Rules to ban politicians in the US state of South Dakota from having “sexual contact” with interns have been voted down by the very people the proposed changes would have applied to.

Senator Stace Nelson proposed the rule change, which was designed to prevent legislators from engaging in appropriate situations with their legislative interns and pages.

He told the Joint Committee on Legislative Procedure that South Dakota’s lawmakers have previously become embroiled in scandals involving sexual harassment and sexual contact with interns and high school pages.

At least one legislator faced charges in 2007 for allegedly groping a legislative page, South Dakota’s Argus Leader reports.

Legislative pages apply through their schools to gain work experience in the state’s legislative sessions and are given accommodation while working for a term.

Mr Nelson said: “The facts are, this body went through a very public and ugly trial about a decade ago.

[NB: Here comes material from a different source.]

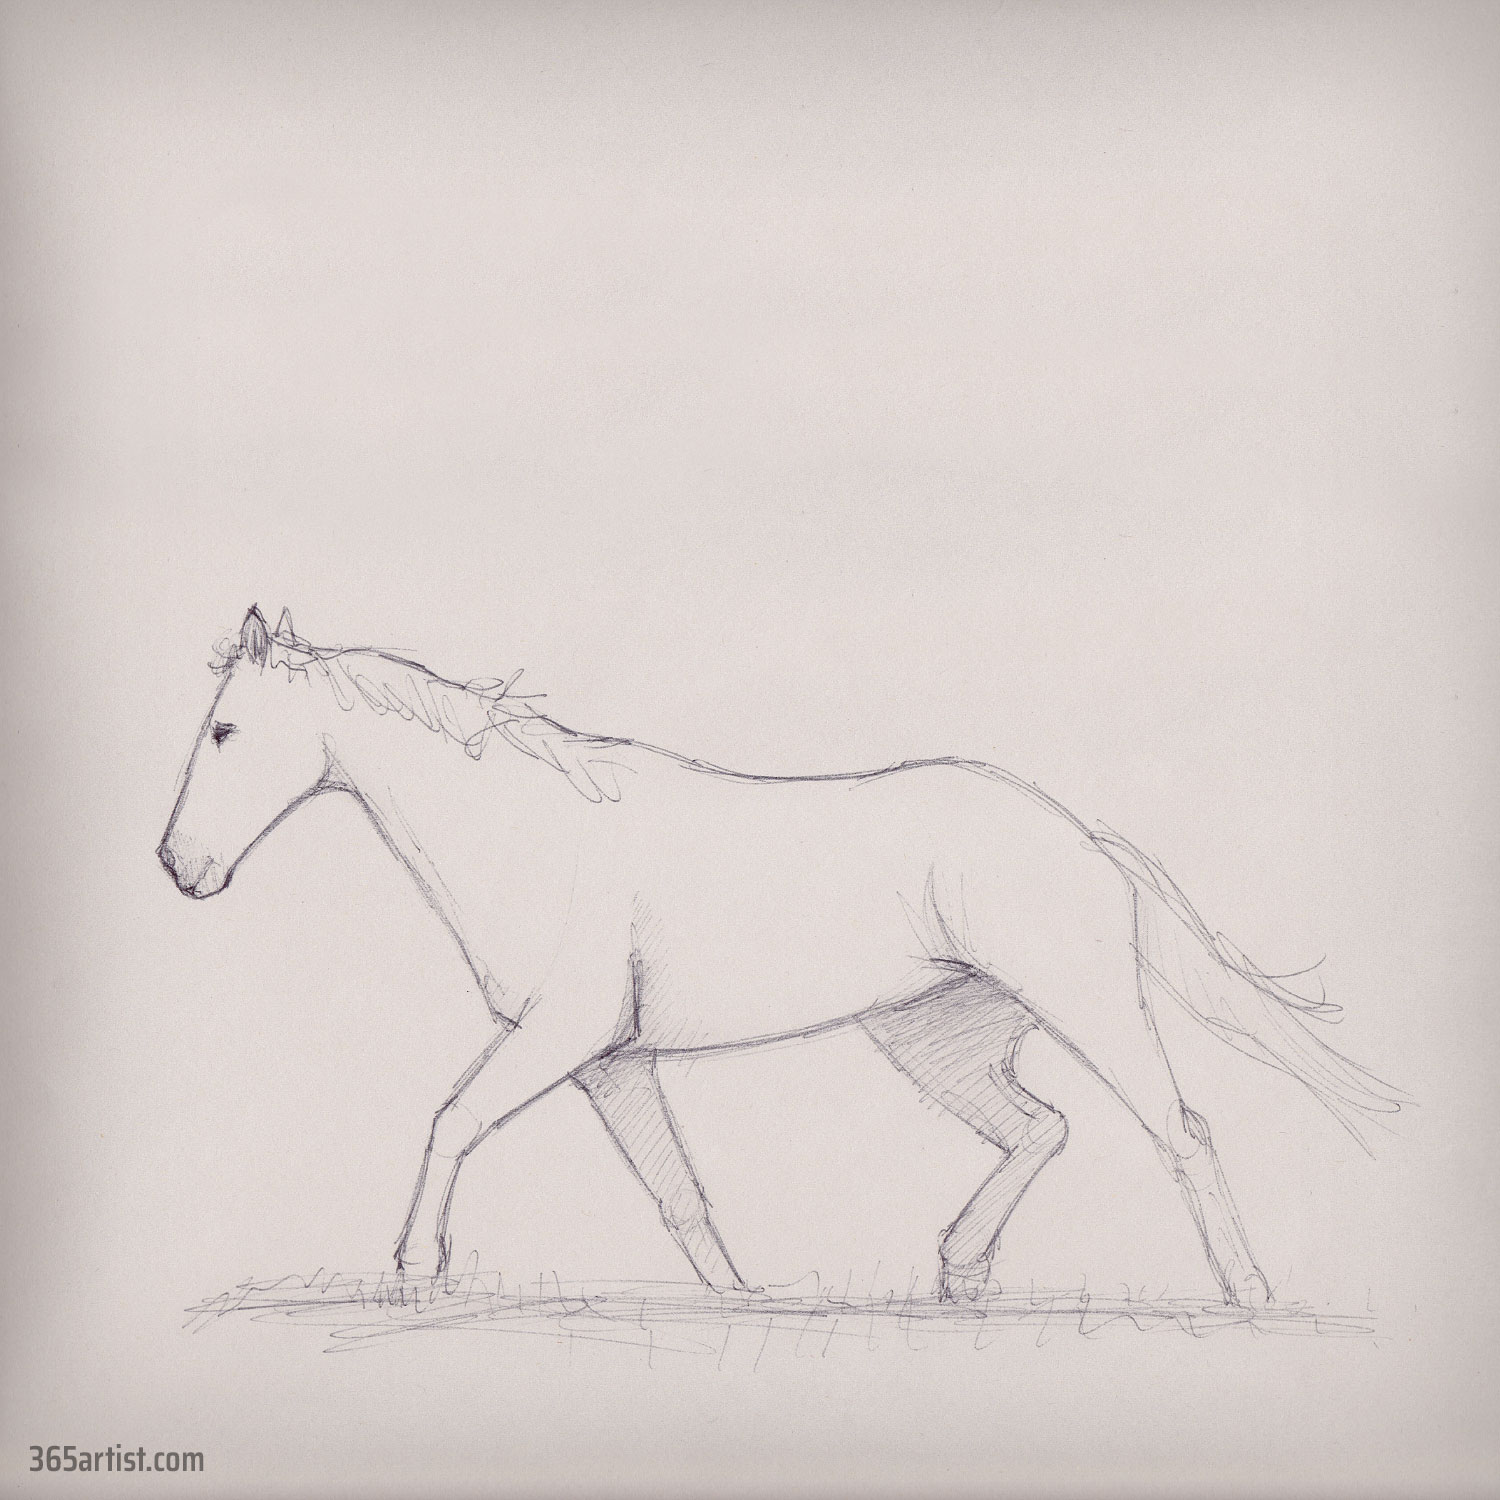 pen drawing of a mustang horse

There's been events in history that indicate these rules should have been put in stone and they haven’t.”

“This is a rule we brought forth to address this so that there is no grey area.”

However, opponents maintained that such behaviour was already barred.

Representative David Lust said: “I'm hesitant to pass something when we get into itemising every potential wrongdoing that a legislator could commit, lest this become a criminal code rather than a code of ethics.”

The proposal was defeated by nine votes to four.